D&S is now trying to bring the passport to every project they work on and recently completed their first project using it in the UK.
As well as the passport, D&S has also developed a tool to help source materials that are compliant with C2C principles and with the new regulatory environment. The building material scout, developed in concert with another German company, Hoinka, is a database of more than 32,000 products with roughly 2,300 users.
D&S hopes that the tool, available for all to use, will reduce the resource costs associated with attempting to source green materials and encourage more contractors to make the switch.
Abdallah explained the difficulty of the process of sourcing green materials historically. “Ten years ago, when we did lead certifications, you would call manufacturers, ask them for data sheets, try to find right product on the data sheet.
”Then the information is not listed on the data sheet, so you call them again, and then discover that they don’t even know what kind of chemicals they have in the materials,” he said.
“The building material scout basically makes available information about the sustainability of building products,” said Keppler. “We currently usually don’t have that information available. Or, if it is available, it is usually not in a uniform format.
“This is why it makes it very hard and resource-intensive to actually check every building material that we now need to do for the EU taxonomy.”
Abdallah concurs: “I think the future of design and circular architecture is that you have digital tools which solve a lot of these unnecessary works of collecting information.”
Keppler said that, while OWP12 saw major improvements on the sustainability of facade and MEP designs, more can be done. “There are still things we will attempt to improve in future buildings, like the load-bearing structure, that is not modular in this case,” he said.
One such effort could be on British soil, with Drees & Sommer recently collaborating with Heatherwick Studio on a strategic feasibility study to redevelop an 80,940m2 site in the middle of Nottingham. Urban mining and the reuse of materials is the focus of the proposed regeneration of the demolished Broadmarsh shopping centre, with an ambition to reuse, upcycle or recycle 99% of materials from the area’s former buildings.
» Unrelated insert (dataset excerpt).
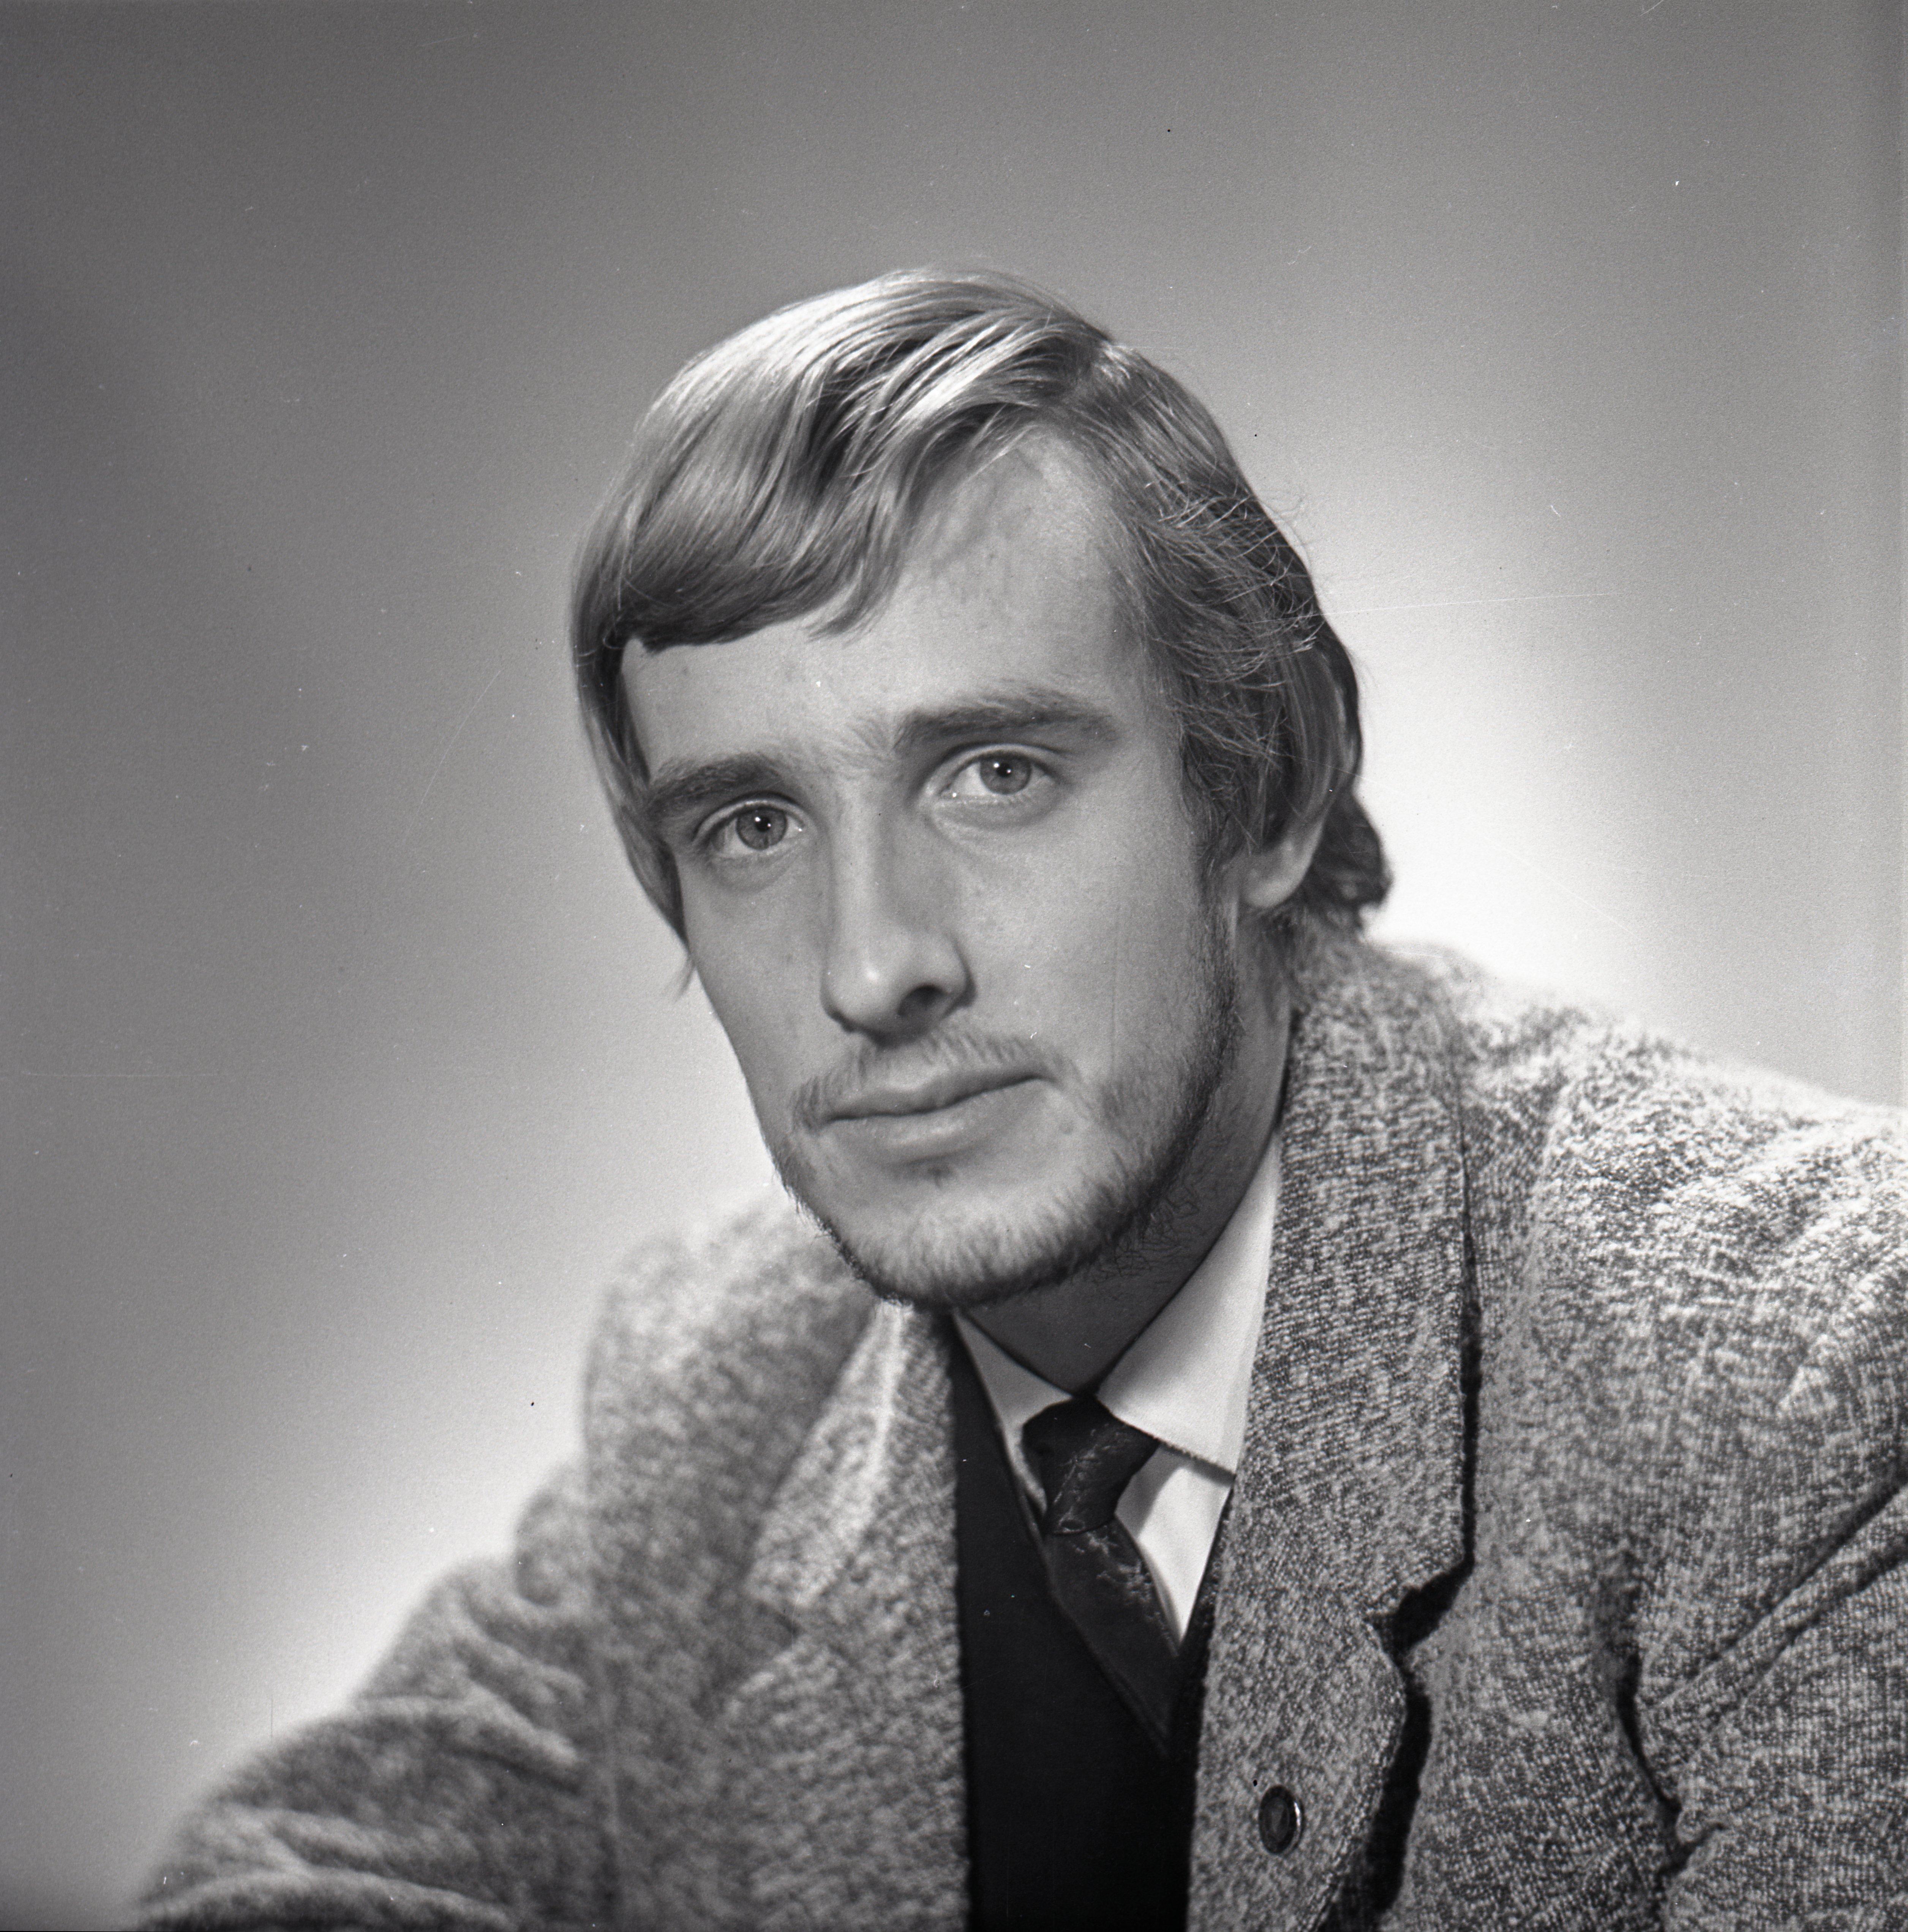 EFA 0-233426. Lembit Ulfsak. Foto: Tallinnfilm, 1971-'75

What is more, recent moves by the firm suggest that it may have an eye on increasing its UK workload. The company purchased the £20m-turnover AA Projects earlier this year, adding the UK consultant’s six offices – including in London, Birmingham and Manchester – to Drees’s existing two in the UK.
AA has a number of accreditations which Drees does not have in the UK and the deal will mean that we could very soon see these tools and principles in action on UK public projects in areas such as healthcare, universities and schools.